Hofer (1986) pense que ses recherches ont démontré que les connaissances des enseignants concernant le(ur)s élèves sont organisées en catégories isolées (clusters) dont la structure interne est de type centrale-périphérique   et   qu’elles   adoptent   une   organisation   prototypique avec une possibilité de frontières délimitées par des conditions nécessaires voire  suffisantes.  Cependant,  comme  nous  l’avons  vu  plus  haut  Hofer  a  obligé  ses  données  à   adopter cette structure centrale-périphérique clusterisée. Aussi, nous pensons que sa recherche devrait être complétée par trois stratégies de recueil de données pour répondre à trois questions de recherche.

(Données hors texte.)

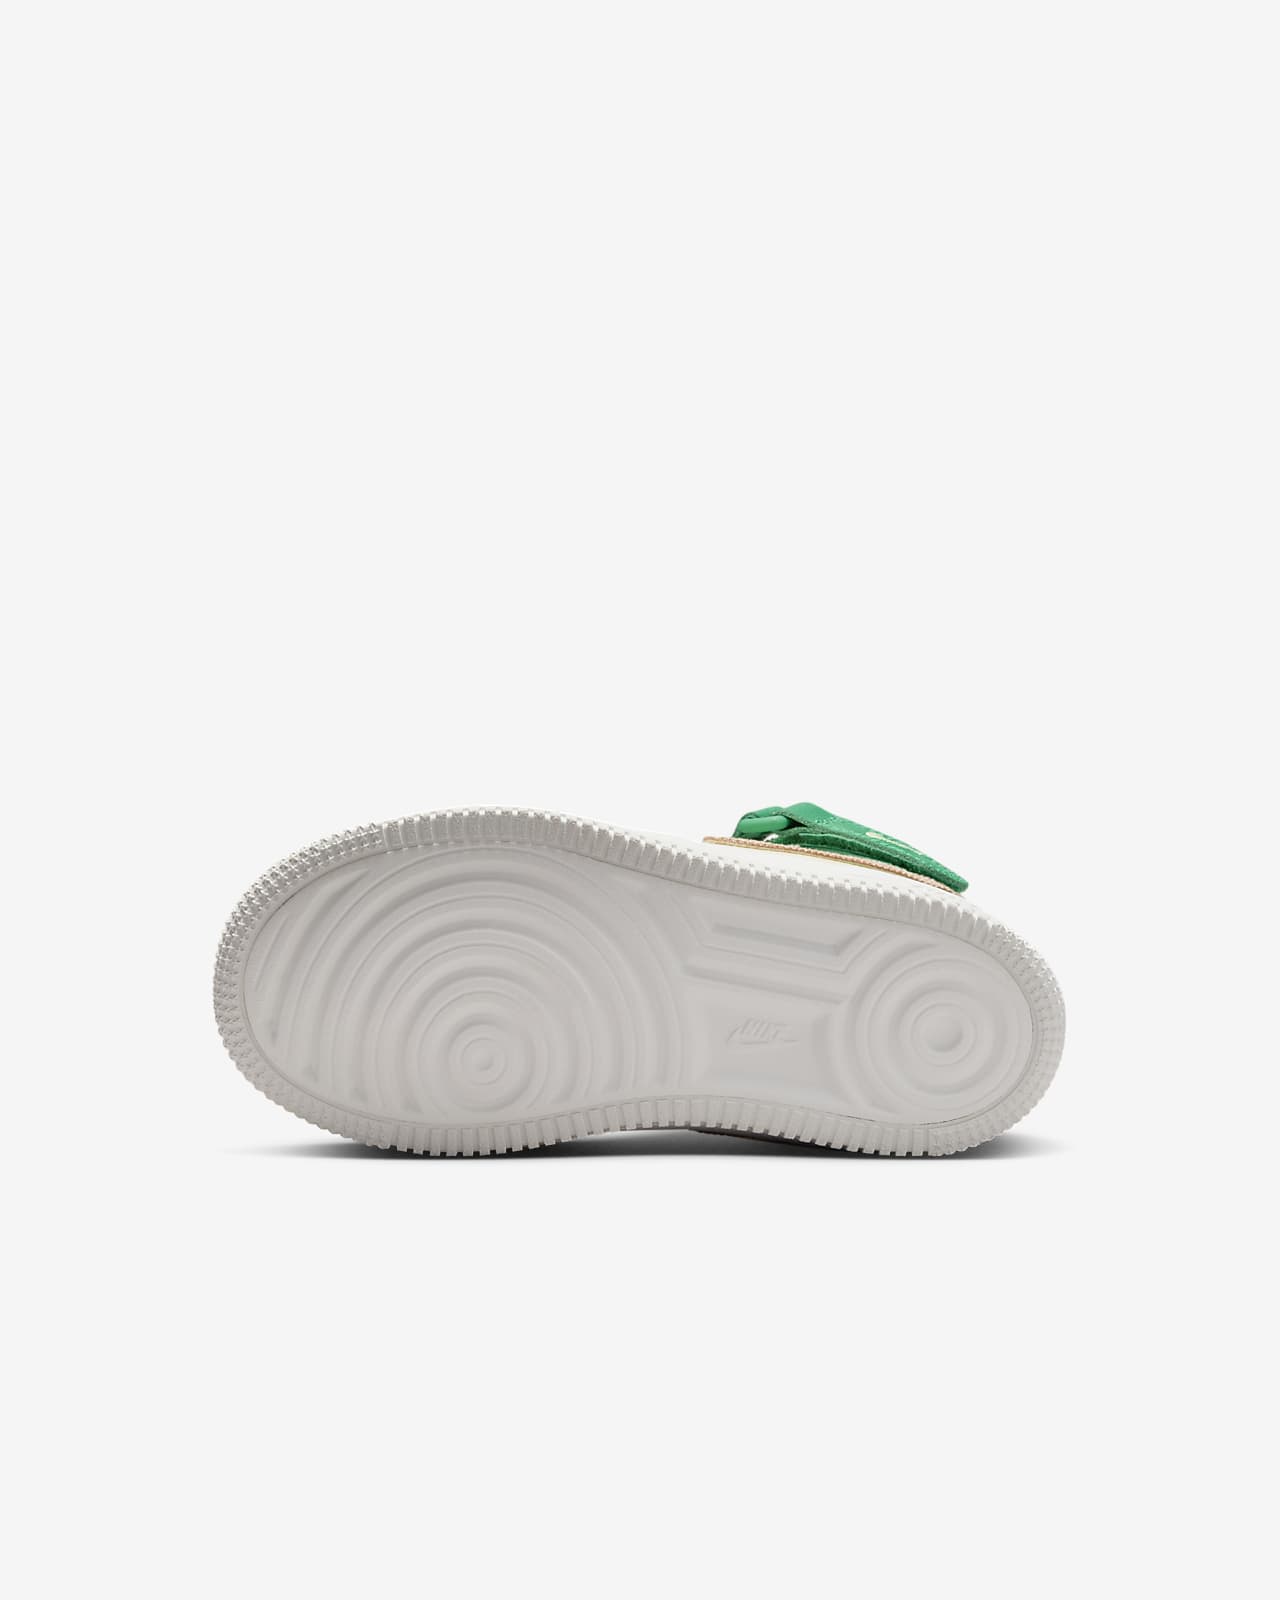 Nike Force 1 Zapatillas - Niño/a pequeño/a - Gris

Premièrement,  et  afin  de  vérifier  la  pertinence  de  l’approche  par  clusterisation  de  scores  de   jugement  pour  identifier  les  catégories  d’élèves  dans  le  répertoire cognitif des enseignants, il serait   intéressant   de   renouer   avec   l’approche   de   Storch   (1978)   et   de   demander   à   des   enseignants   de   catégoriser   leurs   élèves   à   l’intérieur   du   système   de   clusters.   La   première   question de recherche est donc : les enseignants assignent-ils à leurs élèves les mêmes

étiquettes   de   clusters   que   ceux   que   l’algorithme   statistique   leur   confère   à   partir   de   leurs   jugements ?

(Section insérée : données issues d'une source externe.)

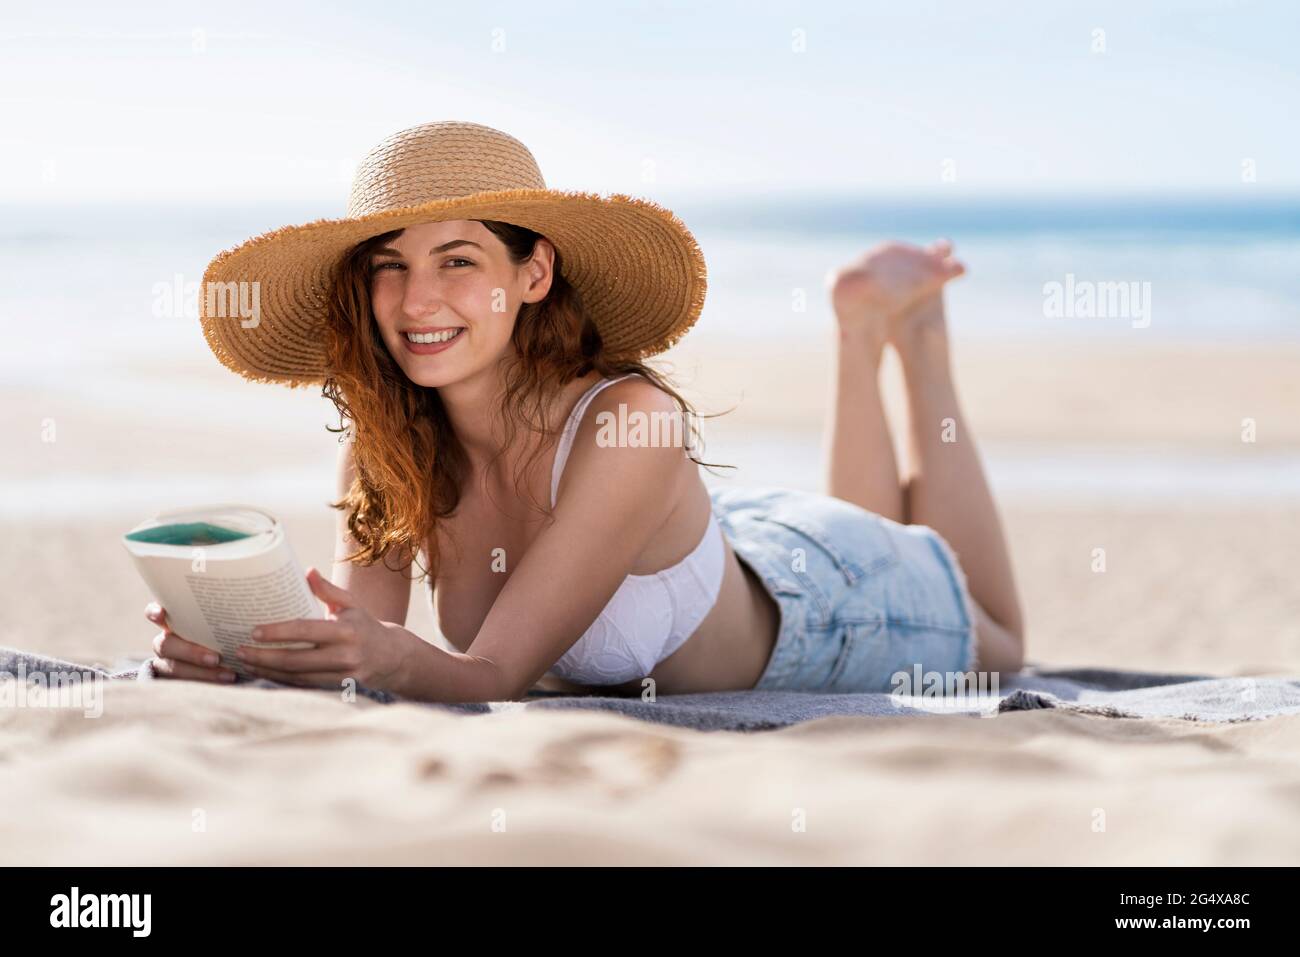 Sola Mujer Tumbarse Toalla De Playa Tan Vacía Playa De Verano Sonriente  Gafas De Sol Grandes Fotos, retratos, imágenes y fotografía de archivo  libres de derecho. Image 93294340

La  deuxième  question  de  recherche  interroge  la  pertinence  de  l’hypothèse  de  l’organisation   centrale-périphérique de clusters de croyances. Pour y répondre, nous adoptons une approche inspirée des recherches classiques en matière de catégorisation (Reed, 2011;

Rosch, Mervis, Gray, Johnson, & Boyes-Braem, 2004; Sternberg, 2007). Ces recherches analysent communément dans quelle mesure des sujets estiment que des objets sont proches des définitions suggérées pour les différentes catégories. Nous allons donc demander  aux  enseignants  d’estimer  la  distance  de  chacun  de  leurs  élèves  à  la  catégorie  à   laquelle ils les ont assignés  ainsi  qu’aux  autres  catégories.

Troisièmement, conformément à la méthode de Morine-Dershimer (1978), nous demanderons  aux  enseignants  de  regrouper  les   élèves  au  sein  d’ensembles  qu’ils  estiment   hétérogènes mais dont ils estiment que les élèves qui les composent sont homogènes. La question est   ici   de   vérifier   d’une   autre   manière   la   pertinence   du   recours   à   l’analyse   en   clusters   de   scores   de   jugements   pour   identifier   les   catégories   d’élèves   contenues   dans   le   bagage cognitif des enseignants.

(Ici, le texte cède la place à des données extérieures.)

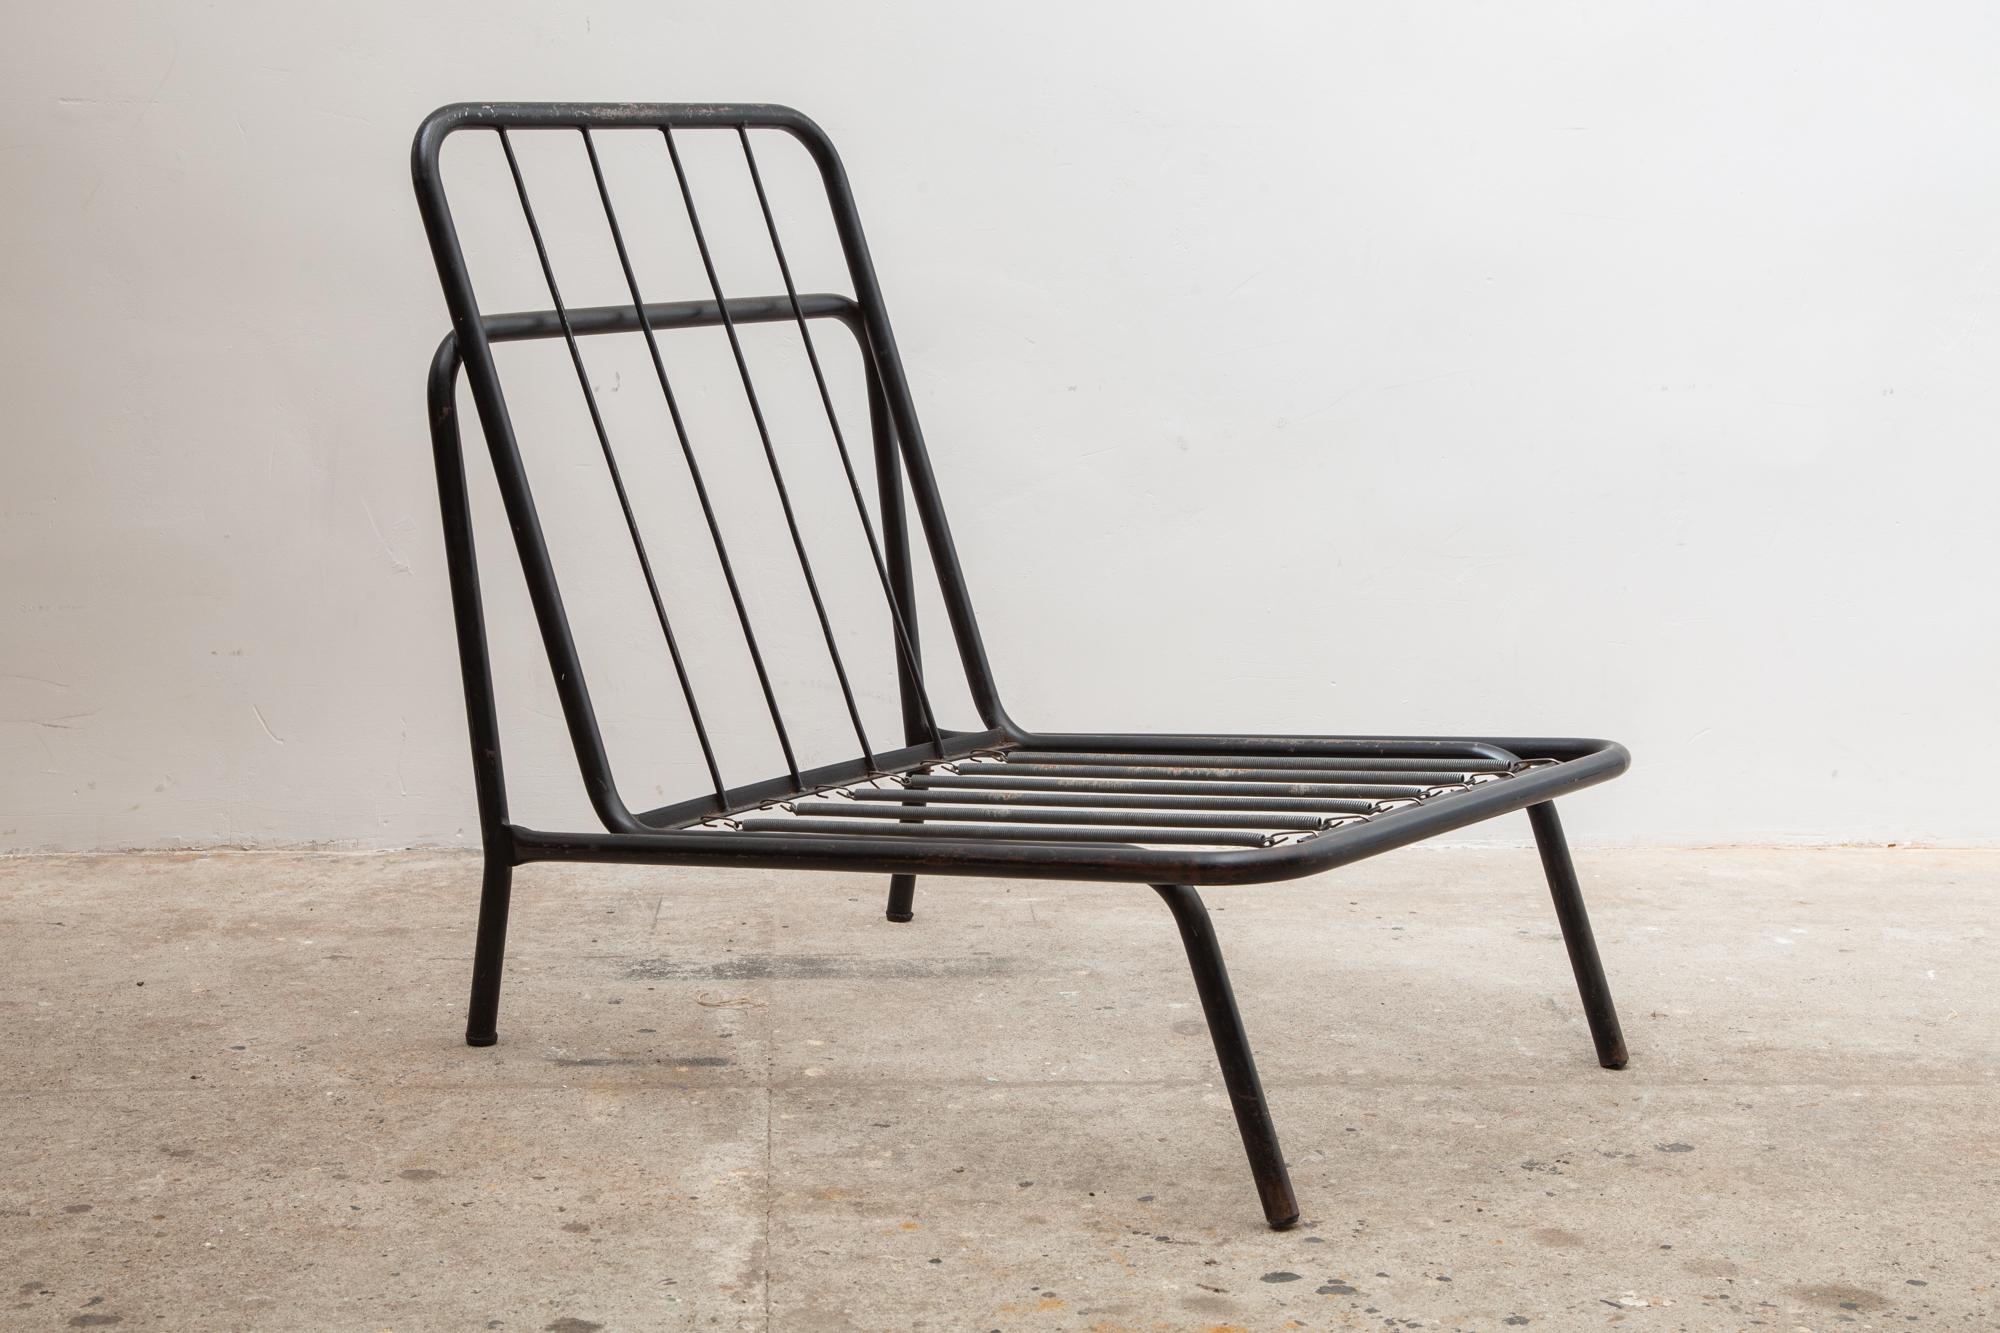 Mid-20th Century Midcentury Patio Chairs, Belgium Design, 1960s

L’analyse   de   la   pertinence   de   l’approche   de   Hofer   et   de   l’hypothèse   de   la   structuration   centrale-périphérique  de  clusters  de  connaissance  sera  donc  au  cœur  de  notre  texte.  Dans  la   suite nous allons décrire notre échantillon, la méthode que nous avons utilisée pour recueillir nos données, les traitements statistiques auxquels nous les avons soumises et les résultats   auxquels   ils   permettent   d’aboutir.   Nous   clôturerons   notre   contribution   par   une   discussion quant à la structure interne des connaissances des enseignants et quant à l’utilisation  de  méthodes  statistiques  pour  l’analyser.